Creating a more flexible frontend
We’re developing a new frontend for Source, which you can preview at s2.source.coop. The new interface will be more flexible, allowing us to iterate more quickly based on user feedback and to share much more information about data products and how they’re being used.
Goals we are working toward with the new frontend include:
- Making it easier for non-expert users to publish data
- Adding more metadata to our web pages which will improve search engine results and help guide AI models
- Sharing data usage metrics on data product detail pages
- Incorporating ORCID IDs in user profiles, ROR IDs in organizational profiles, and DOIs to data products detail pages
The new frontend will be released this summer.
Writing more case studies
The art of creating great data products is understudied, and we think Source provides a great lab to experiment. We’re lucky to work with people committed to open science who are remarkably good at this, but we need to be more deliberate about showcasing what makes a great data product. There are many things to consider when sharing data including metadata, documentation, thoughtful file structure, thoughtful choice of file formats, and community outreach.
We’re working with a few of our users to produce case studies throughout the rest of the year to showcase what good looks like.
Funding and Sustainability
As we’ve said before, we believe financial self-sustainability should be a core feature of Source. We plan to share more details about our revenue model before the end of the year.
Unfortunately, many of our users are increasingly concerned about the durability of the data archiving systems they’ve previously relied upon due to proposed cuts in research funding and university overhead. We aim to position Source as an affordable option for organizations that are no longer able to fund their own data management systems.

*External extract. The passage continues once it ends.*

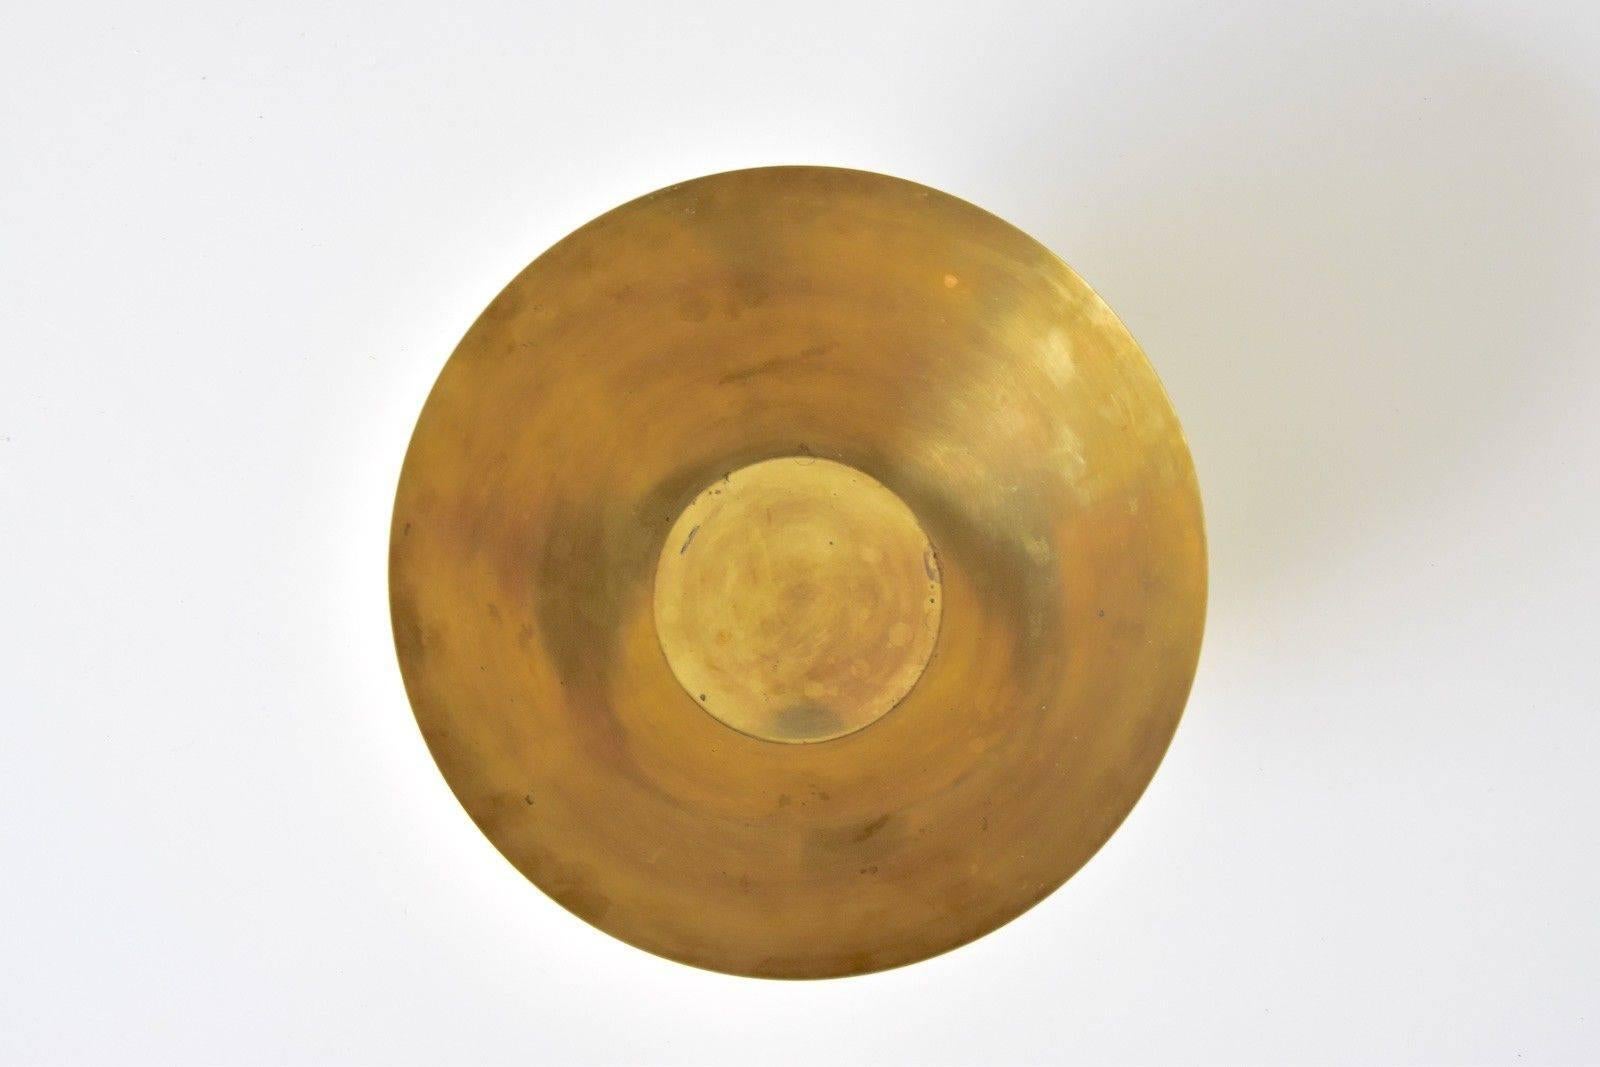 Scandinavian Modern Arne Jacobsen Brass Line Bowl by Stelton Made in Denmark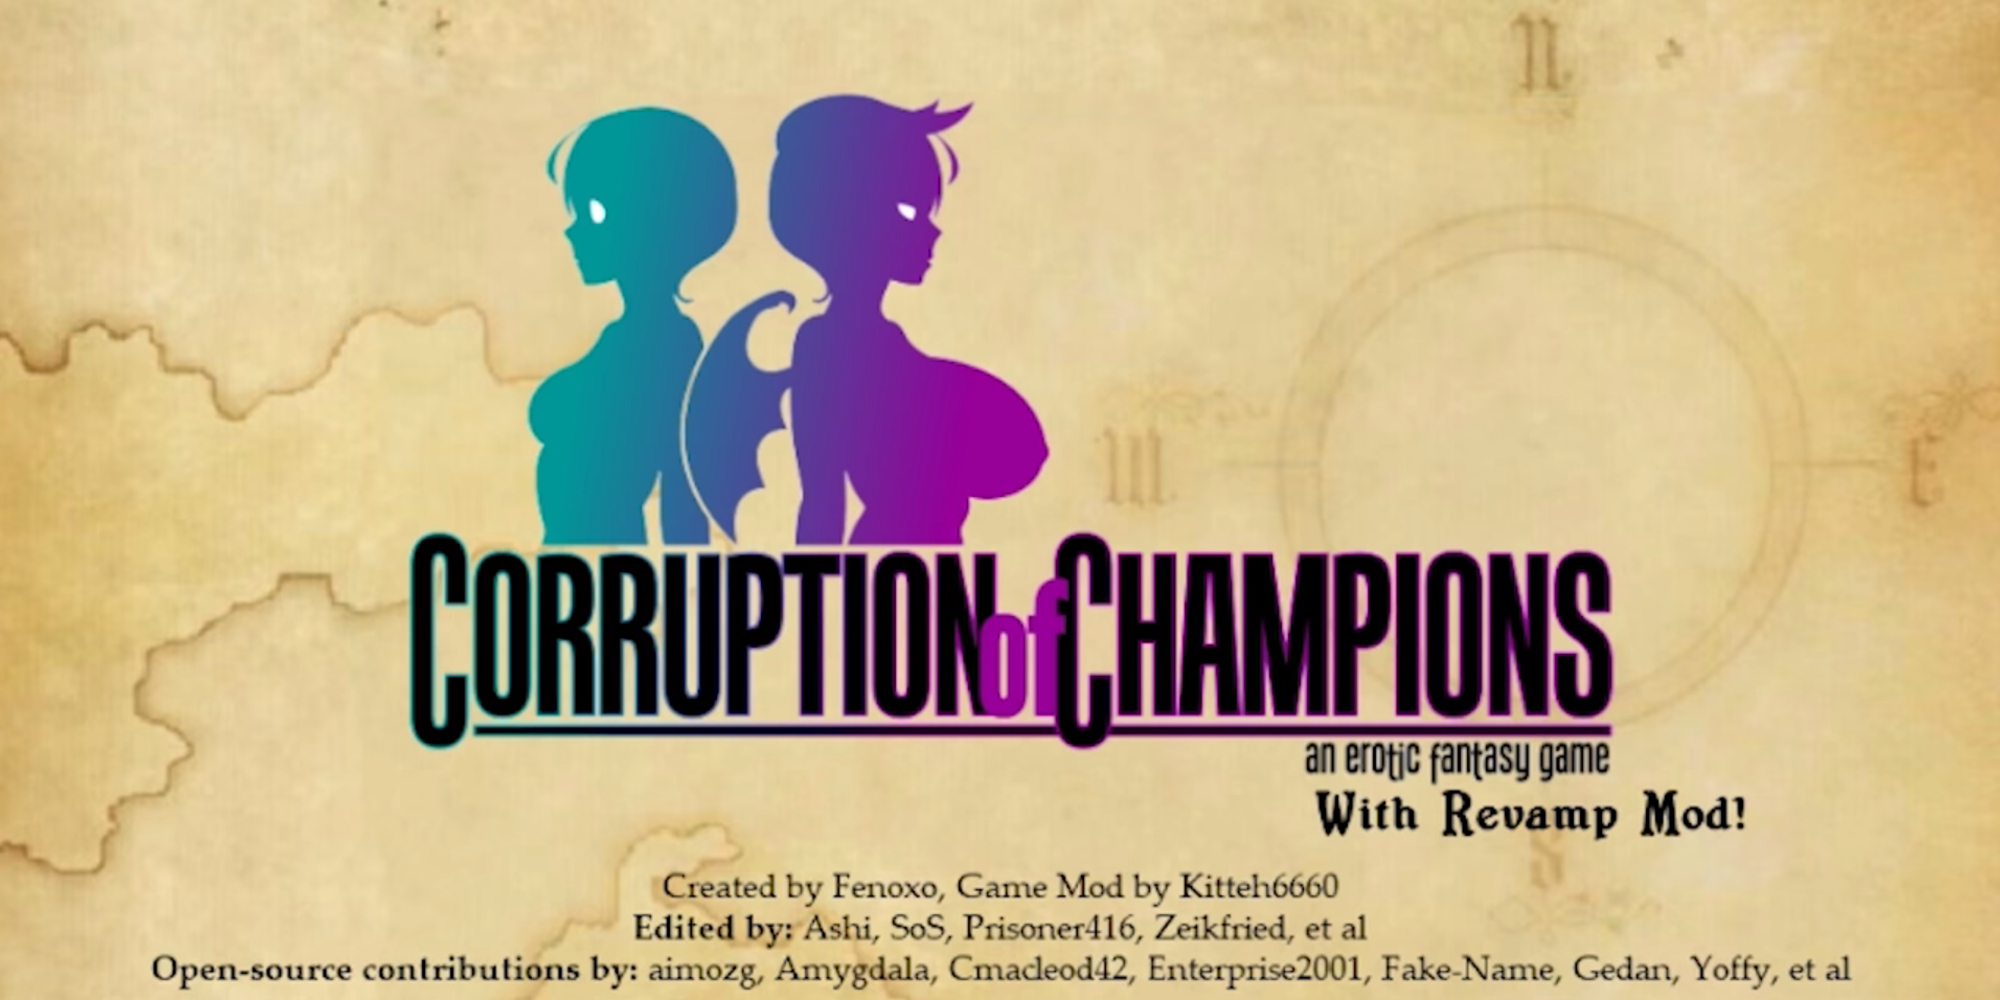 corruption of champions revamp mod flower dress

Our approach will likely include:
- Free tiers for smaller datasets and human-scale usage
- Predictable fees based on storage volume for data publishers
- Direct cloud access options for users needing high-bandwidth programmatic access
The goal is predictable, fair pricing that covers our costs while keeping the service accessible to the academic and nonprofit communities we primarily serve. In the interim, funding from Navigation Fund and in-kind support from AWS allows us to continue offering free hosting while we develop a service worth paying for.
Advisory Board
To help guide Source Cooperative’s development and ensure we’re building something that truly serves the research community, we’ve assembled an advisory board of experts from across the data science, policy, and research landscape. Our advisory board members include:
- Denice Ross – Senior Fellow, Federation of American Scientists & Former U.S. Chief Data Scientist
- Fernando Pérez – Faculty Director, Berkeley Institute for Data Science
- Josh Peek – Head of Data Science Mission Office, Space Telescope Science Institute
- Marshall Moutenot – CEO, Upstream Tech & Founder, dynamical.org
- Millie Chapman – Assistant Professor of Environmental Policy, ETH Zürich
- Drew Breunig – Technical Advisor at large
- Carl Boettiger – Associate Professor, University of California, Berkeley
- Anna Greenwood – Neuroscientist at large
- Eli Fenichel – Professor of Natural Resource Economics, Yale School of the Environment
- Mark Otterlee – Senior Director of Engineering, Allen Institute for Artificial Intelligence
We are honored to have the support of this remarkable group of people. Their special blend of scientific, policy, economic, business, and product design experience will help us realize the full potential of Source.
More frequent development updates will be published on the Source Cooperative Documentation site moving forward.